So, there it was! Not good for him to have pleasure and what he chiefly
cared about; to try and put off feeling the inevitable end of all
things, the approach of death with its stealthy, rustling footsteps.
Not good for him! Not even she could see how she was his new lease of
interest in life, the incarnation of all the beauty he felt slipping
from him.
His tea grew cold, his cigar remained unlit; and up and down he paced,
torn between his dignity and his hold on life. Intolerable to be
squeezed out slowly, without a say of your own, to live on when your
will was in the hands of others bent on weighing you to the ground with
care and love. Intolerable! He would see what telling her the truth
would do--the truth that he wanted the sight of her more than just a
lingering on. He sat down at his old bureau and took a pen. But he could
not write. There was something revolting in having to plead like this;
plead that she should warm his eyes with her beauty. It was tantamount
to confessing dotage. He simply could not. And instead, he wrote:
"I had hoped that the memory of old sores would not be allowed to
stand in the way of what is a pleasure and a profit to me and my little
grand-daughter. But old men learn to forego their whims; they are
obliged to, even the whim to live must be foregone sooner or later; and
perhaps the sooner the better.
"My love to you,
"JOLYON FORSYTE."
'Bitter,' he thought, 'but I can't help it. I'm tired.' He sealed and
dropped it into the box for the evening post, and hearing it fall to the
bottom, thought: 'There goes all I've looked forward to!'
That evening after dinner which he scarcely touched, after his cigar
which he left half-smoked for it made him feel faint, he went very
slowly upstairs and stole into the night-nursery. He sat down on the
window-seat. A night-light was burning, and he could just see Holly's
face, with one hand underneath the cheek. An early cockchafer buzzed in
the Japanese paper with which they had filled the grate, and one of the
horses in the stable stamped restlessly. To sleep like that child! He
pressed apart two rungs of the venetian blind and looked out. The moon
was rising, blood-red. He had never seen so red a moon. The woods and
fields out there were dropping to sleep too, in the last glimmer of the
summer light. And beauty, like a spirit, walked. 'I've had a long life,'
he thought, 'the best of nearly everything. I'm an ungrateful chap; I've
seen a lot of beauty in my time. Poor young Bosinney said I had a sense
of beauty. There's a man in the moon to-night!' A moth went by, another,
another. 'Ladies in grey!' He closed his eyes. A feeling that he would
never open them again beset him; he let it grow, let himself sink; then,
with a shiver, dragged the lids up. There was something wrong with him,
no doubt, deeply wrong; he would have to have the doctor after all.

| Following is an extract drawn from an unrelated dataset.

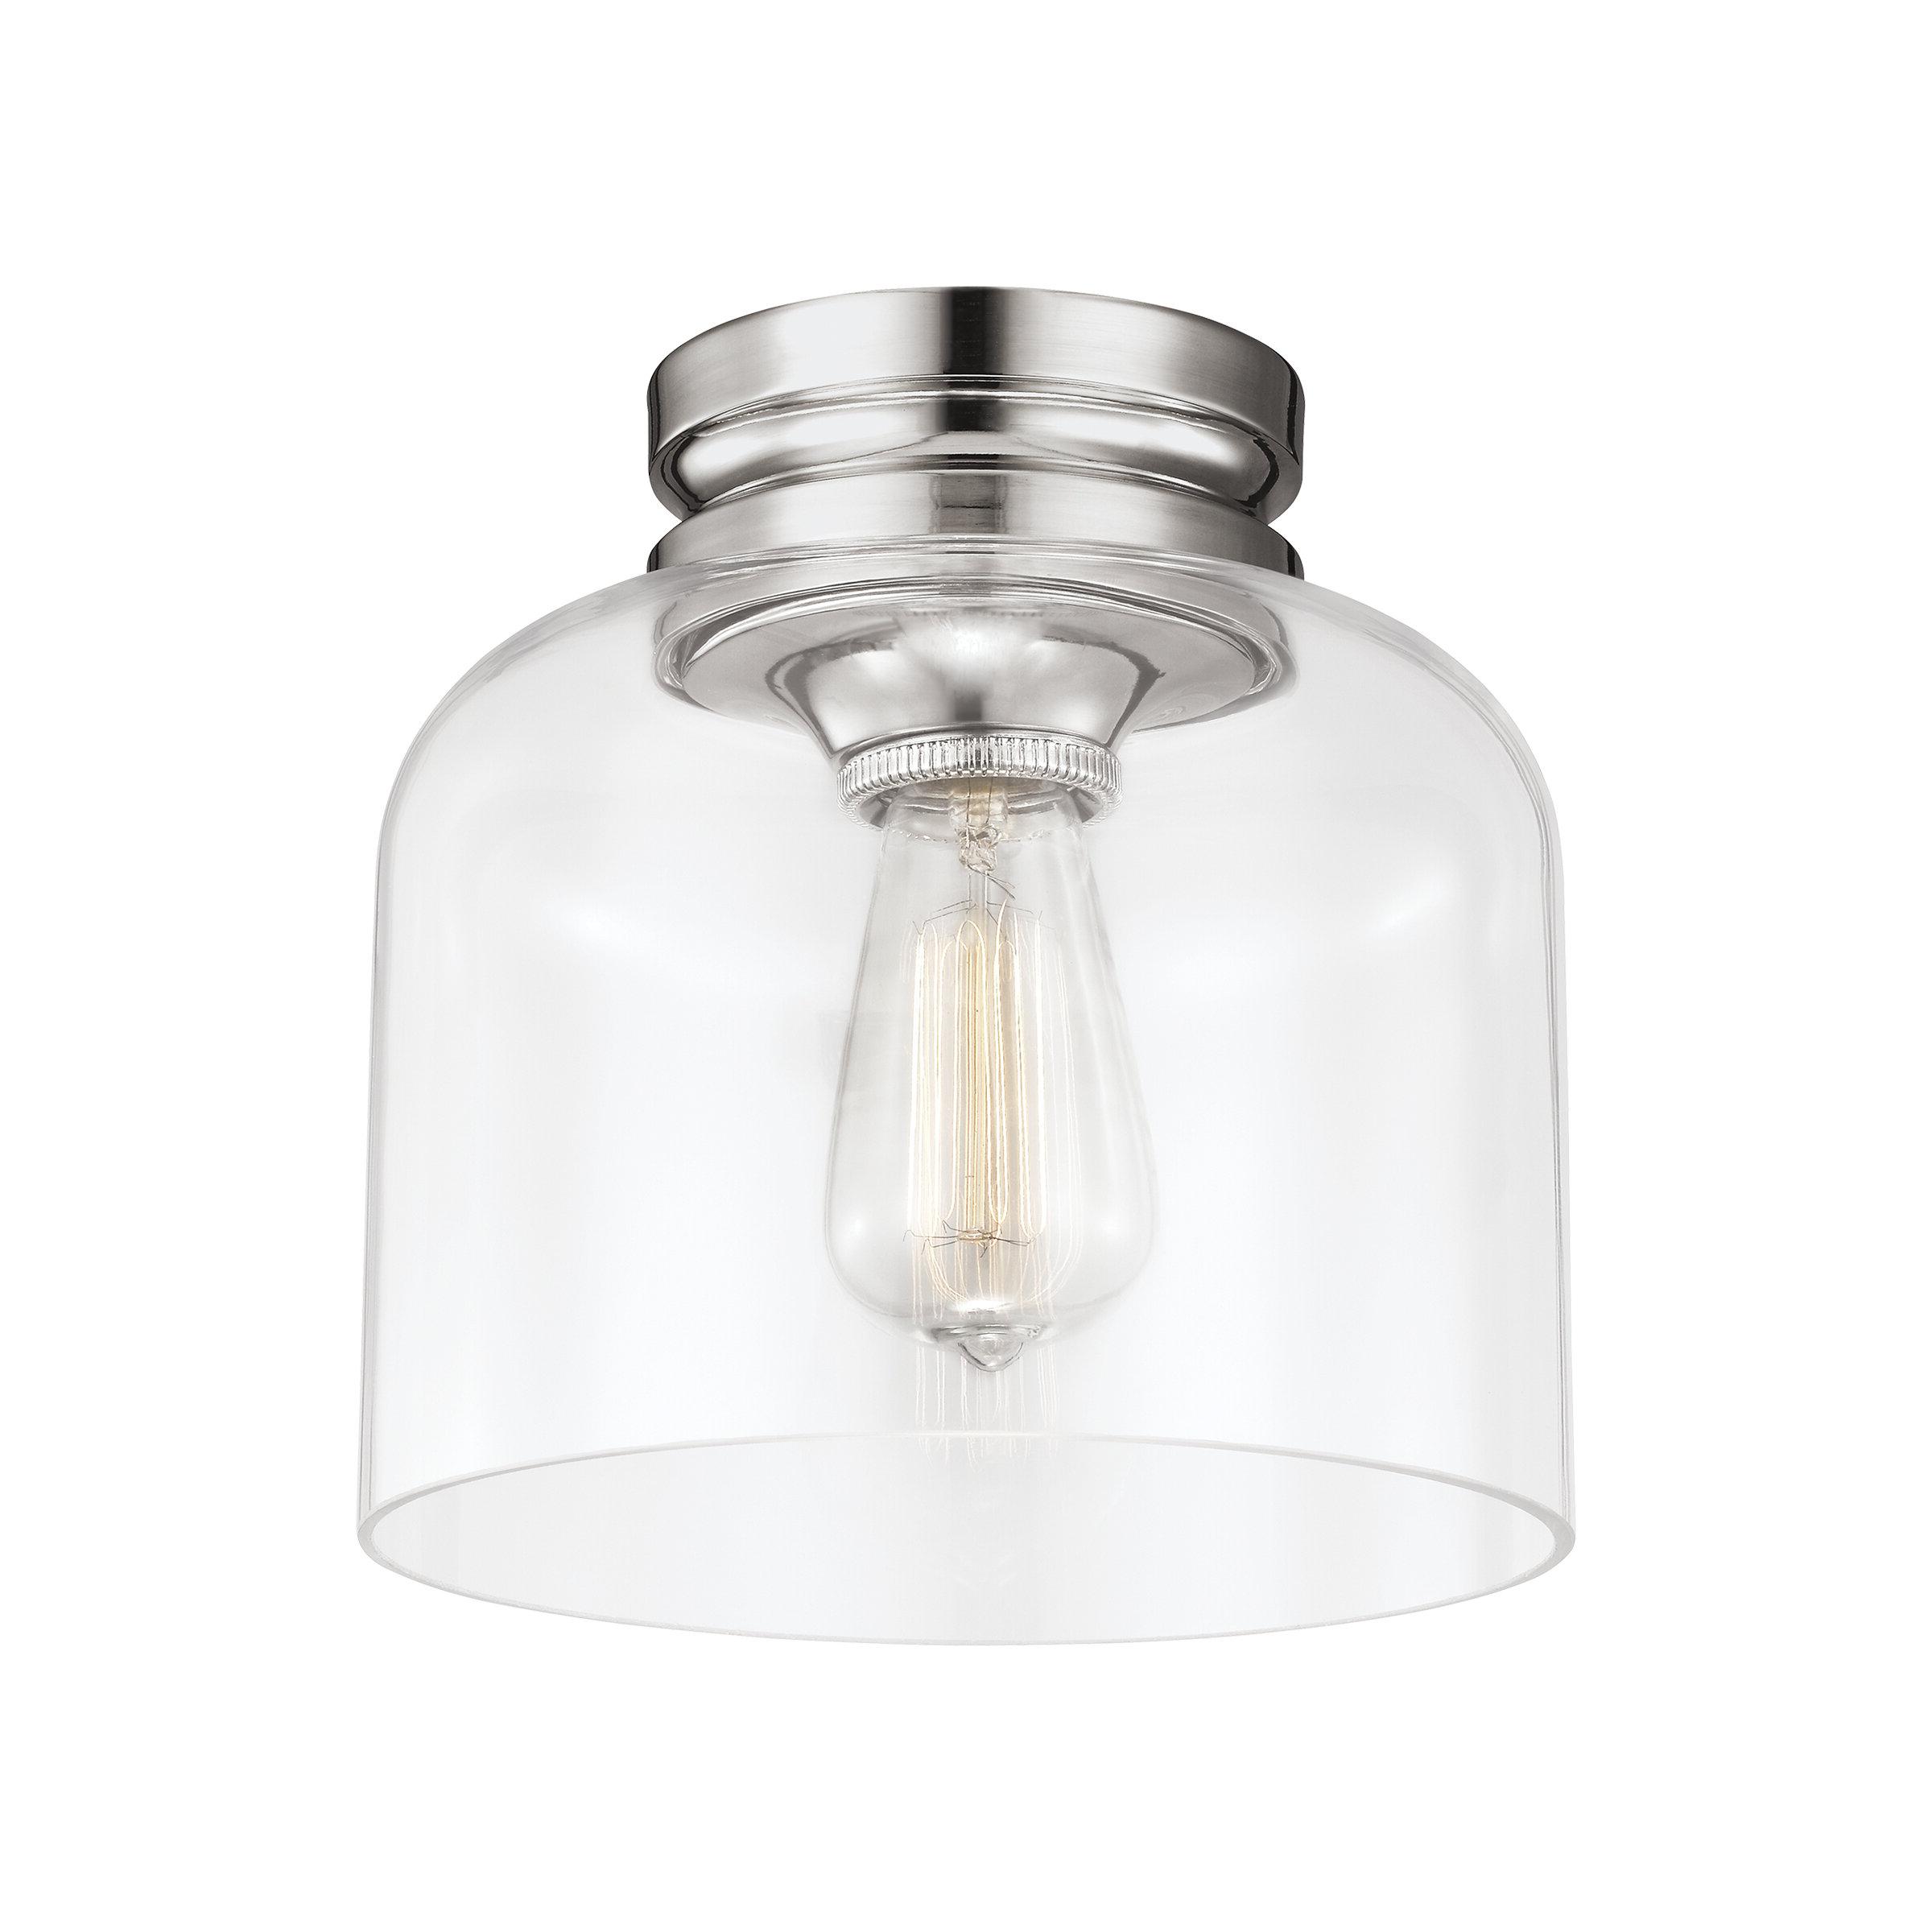 Nolan 1 Light Lantern Chandeliers Pertaining To Most Up To Date Nolan 1 Light Semi Flush Mount (View 10 of 25)
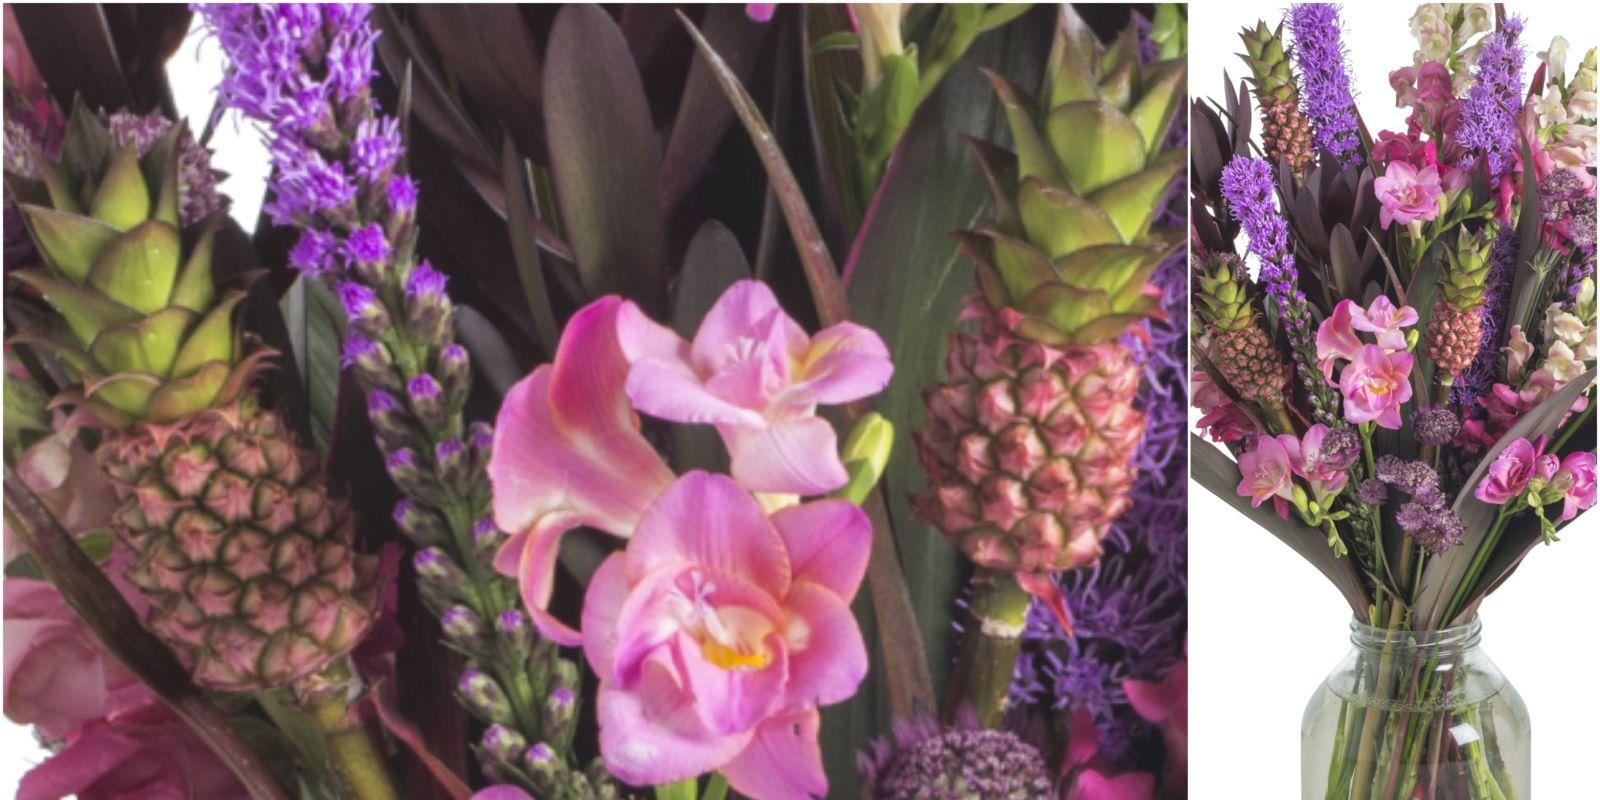 bloom wild is selling mini pineapple flower bouquets

It didn't much matter now! Into that coppice the moon-light would have
crept; there would be shadows, and those shadows would be the only
things awake. No birds, beasts, flowers, insects; Just the shadows
--moving; 'Ladies in grey!' Over that log they would climb; would
whisper together. She and Bosinney! Funny thought! And the frogs and
little things would whisper too! How the clock ticked, in here! It was
all eerie--out there in the light of that red moon; in here with
the little steady night-light and, the ticking clock and the nurse's
dressing-gown hanging from the edge of the screen, tall, like a woman's
figure. 'Lady in grey!' And a very odd thought beset him: Did she exist?
Had she ever come at all? Or was she but the emanation of all the beauty
he had loved and must leave so soon? The violet-grey spirit with the
dark eyes and the crown of amber hair, who walks the dawn and the
moonlight, and at blue-bell time? What was she, who was she, did she
exist? He rose and stood a moment clutching the window-sill, to give
him a sense of reality again; then began tiptoeing towards the door. He
stopped at the foot of the bed; and Holly, as if conscious of his eyes
fixed on her, stirred, sighed, and curled up closer in defence. He
tiptoed on and passed out into the dark passage; reached his room,
undressed at once, and stood before a mirror in his night-shirt. What a
scarecrow--with temples fallen in, and thin legs! His eyes resisted his
own image, and a look of pride came on his face. All was in league
to pull him down, even his reflection in the glass, but he was not
down--yet! He got into bed, and lay a long time without sleeping,
trying to reach resignation, only too well aware that fretting and
disappointment were very bad for him.
He woke in the morning so unrefreshed and strengthless that he sent for
the doctor. After sounding him, the fellow pulled a face as long as your
arm, and ordered him to stay in bed and give up smoking. That was no
hardship; there was nothing to get up for, and when he felt ill,
tobacco always lost its savour. He spent the morning languidly with the
sun-blinds down, turning and re-turning The Times, not reading much, the
dog Balthasar lying beside his bed. With his lunch they brought him a
telegram, running thus:
'Your letter received coming down this afternoon will be with you at
four-thirty. Irene.'
Coming down! After all! Then she did exist--and he was not deserted.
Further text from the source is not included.